The same goes for the Cathodes where "floor" 1 is A0, "floor" 2 is A1 etc.
"A0, A1, A2, A3".
I used blue LEDs that run on 3.1V and 20mA. Since the Arduino gives out 5V this would destroy my LEDs so you need a resistor between the digital out and the LEDs to convert the 5V to 3.1V and 20mA. This is done by using the formula: (Vs - Vd) / I
Vs = Source voltage = 5V, Vd = Diode Voltage = 3.1V, I = Max current the LEDs can handle = 20mA = 0,02A
Which gives us (5 - 3.1) / 0,02 = 95 ohm.
So we would need to add 16pcs of 95ohm resistors between the digital out and the anodes to keep the LEDs from burning and to make it light up at it's full potential.

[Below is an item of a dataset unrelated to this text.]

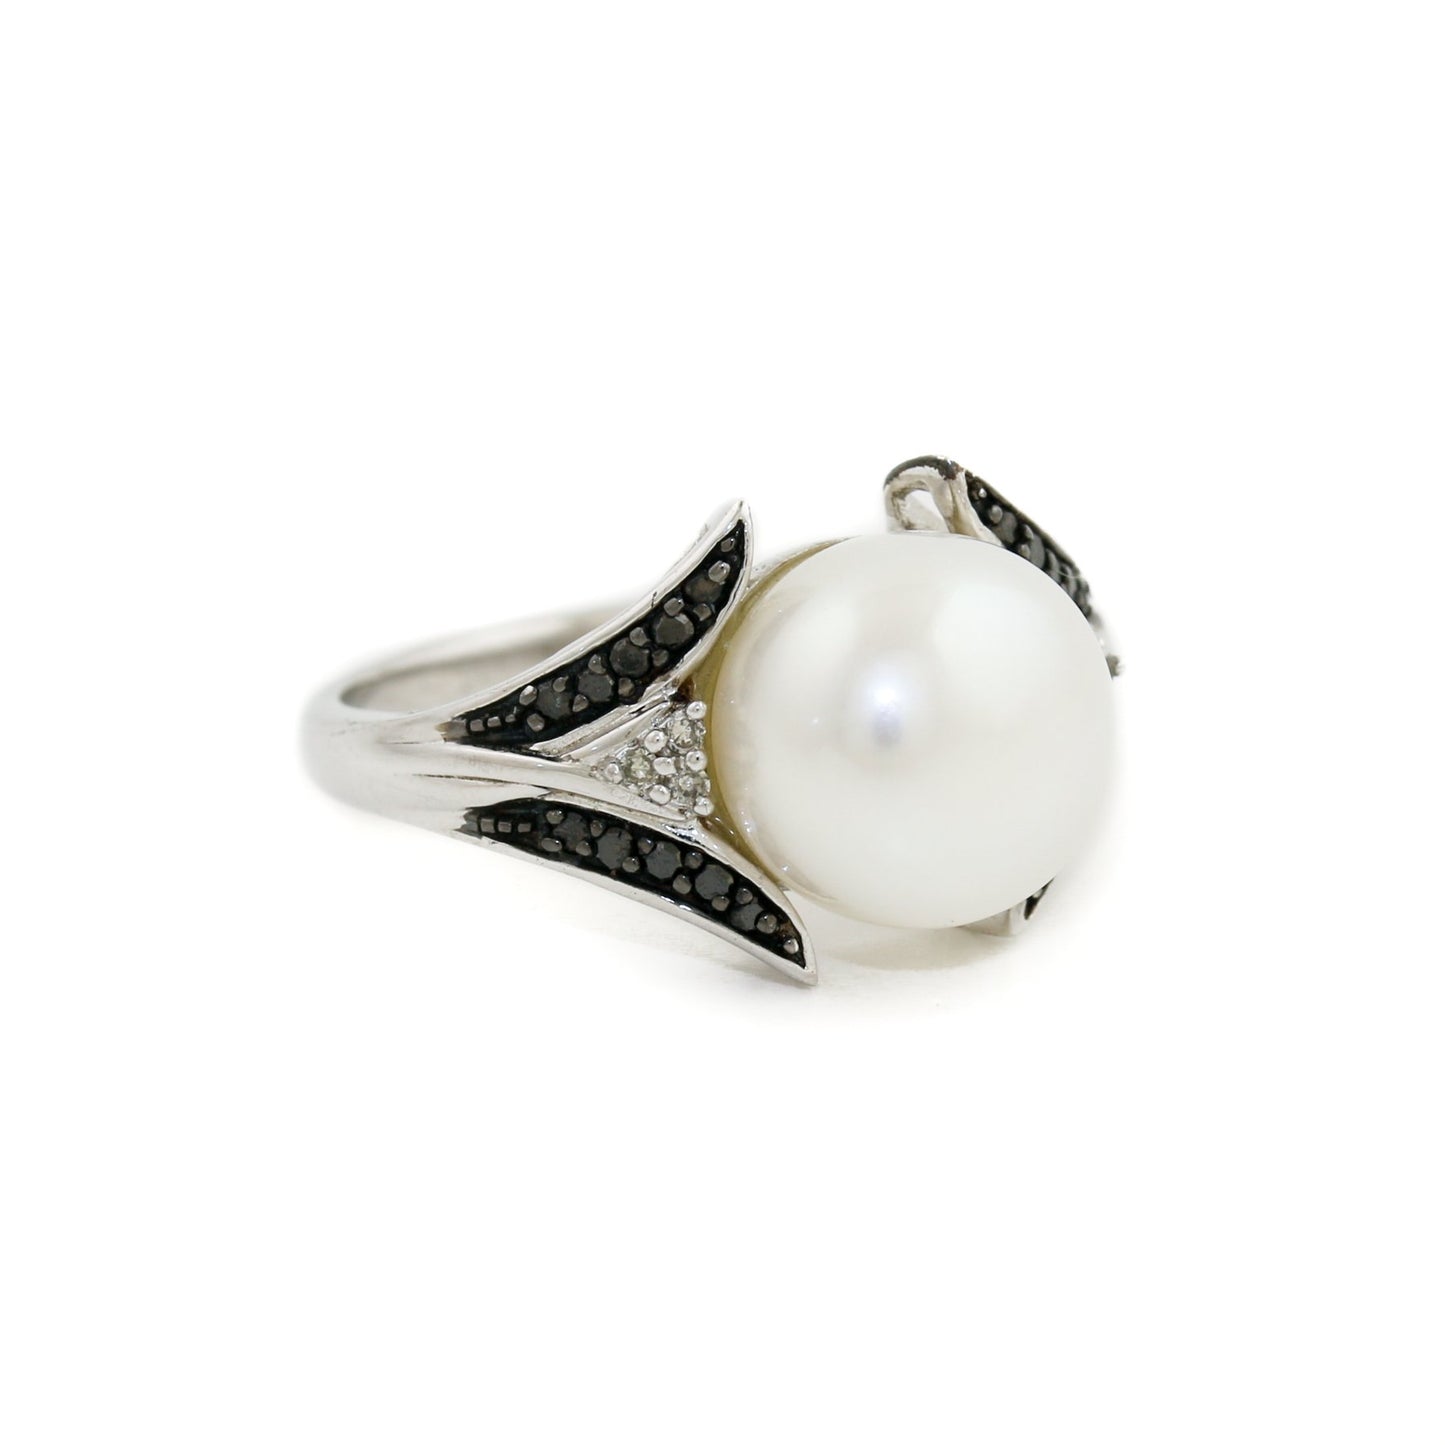 10k White Gold x Accented "Alwand Vahan" Mixed Diamond & Sea Pearl Ring - Kingdom Jewelry

For the 4 cathode wires we would need to ground them, but we also need to control when to ground them, so we use transistors. Using transistors enables us to use a +5V digital out from the Arduino to control a transistor that is used as a switch to ground the cathode layers. I used 4 pcs of 2n2222a transistors because they can handle the current and they are fast enough.
There can be maximum 1 layer on at a time which gives us 16 * 20mA = 320mA. This is the amount of current the transistor needs to be able to handle. It is also important to use NPN and not PNP transistors.
The wire from the first floor cathode goes to the collector of the transistor.
The emitter is connected to ground on the Arduino.
And the base of the transistor is connected to a 1kohm resistor and then to the pin A0.
Repeat this for the remaining 3 floors of cathodes.
So to summarize the wiring:
16 digital out's to - 95ohm resistors, from there to the 16 anodes.
4 digital out's to - 1kohm resistors, from there to the base of the transistors.
From the cube's 4 floor cathodes to the transistor "collector".
From the transistor "emitter" to ground on the Arduino.
And that's all there is to it, if you have any questions feel free to comment.